Simultaneous and Sequential Synthesis of Polyaniline-g-poly(ethylene glycol) by Combination of Oxidative Polymerization and CuAAC Click Chemistry: A Water-Soluble Instant Response Glucose Biosensor Material

Bicak T. C., Gicevicius M., Gokoglan T. C., Yilmaz G., Ramanavicius A., TOPPARE L. K., ...More

MACROMOLECULES, vol.50, no.5, pp.1824-1831, 2017 (SCI-Expanded) identifier identifier

  • Publication Type: Article / Article
  • Volume: 50 Issue: 5
  • Publication Date: 2017
  • Doi Number: 10.1021/acs.macromol.7b00073
  • Journal Name: MACROMOLECULES
  • Journal Indexes: Science Citation Index Expanded (SCI-EXPANDED), Scopus
  • Page Numbers: pp.1824-1831
  • Middle East Technical University Affiliated: Yes


A novel approach for the in situ synthesis of conjugated polyaniline-poly(ethylene glycol) graft copolymer (PA-g-PEG) by the combination of oxidative polymerization and copper catalyzed azide alkyne cycloaddition (CuAAC) click reaction is described. The method pertains to the reduction of the CuBr2 catalyst during the oxidative copolymerization of aniline and aminophenyl propargylether to Cu(I) species, which catalyze the CuAAC reaction between thus formed polyaniline with pendant alkyne groups and independently prepared azide functional PEG in both simultaneous and sequential manner. The obtained water-soluble (PA-g-PEG) was used for the construction of glucose biosensor by a simple one-step approach.

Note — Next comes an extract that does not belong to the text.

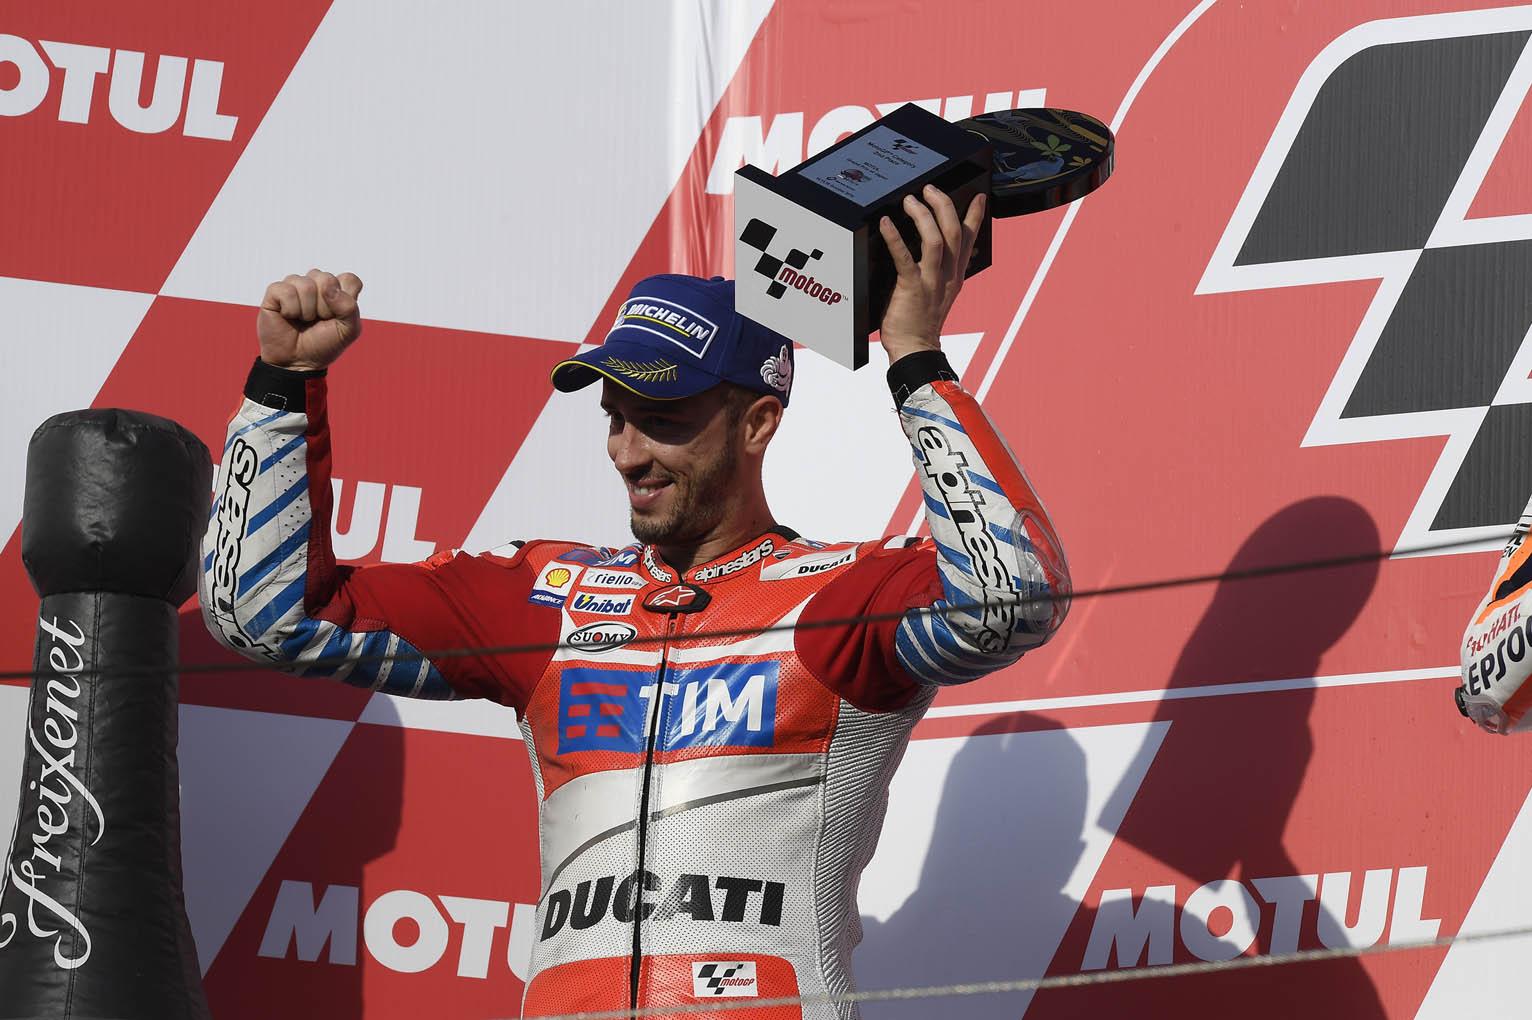 dovi-podium

Combined electrostatic polyanion-polycation and hydrogen bond interactions between (PA-g-PEG) and glucose oxidase provided a suitable immobilization matrix for the enzyme resulting in excellent analytical parameters. (PA-g-PEG) based glucose biosensor exhibited a remarkable response time, producing an instant signal upon addition of analyte, making this sensor an attractive alternative for the existing devices.